## YOUR TASK
From the entries below, return only the lines starting at the one that contains "W 106 cm/ 41 3/4''" and ending at the one that contains "DN pratade med", exactly as they stand.

## INPUT RECORDS
──────

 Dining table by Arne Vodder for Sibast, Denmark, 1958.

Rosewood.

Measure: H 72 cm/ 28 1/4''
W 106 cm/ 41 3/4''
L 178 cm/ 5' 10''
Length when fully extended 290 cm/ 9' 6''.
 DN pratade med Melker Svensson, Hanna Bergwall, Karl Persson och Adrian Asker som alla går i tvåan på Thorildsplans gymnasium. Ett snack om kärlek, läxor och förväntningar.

──────

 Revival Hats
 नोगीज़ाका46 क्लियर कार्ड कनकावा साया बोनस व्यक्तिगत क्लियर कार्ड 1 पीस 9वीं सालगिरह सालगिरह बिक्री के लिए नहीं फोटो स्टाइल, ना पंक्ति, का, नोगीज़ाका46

──────

## ANSWER SPACE
W 106 cm/ 41 3/4''
L 178 cm/ 5' 10''
Length when fully extended 290 cm/ 9' 6''.
 DN pratade med Melker Svensson, Hanna Bergwall, Karl Persson och Adrian Asker som alla går i tvåan på Thorildsplans gymnasium. Ett snack om kärlek, läxor och förväntningar.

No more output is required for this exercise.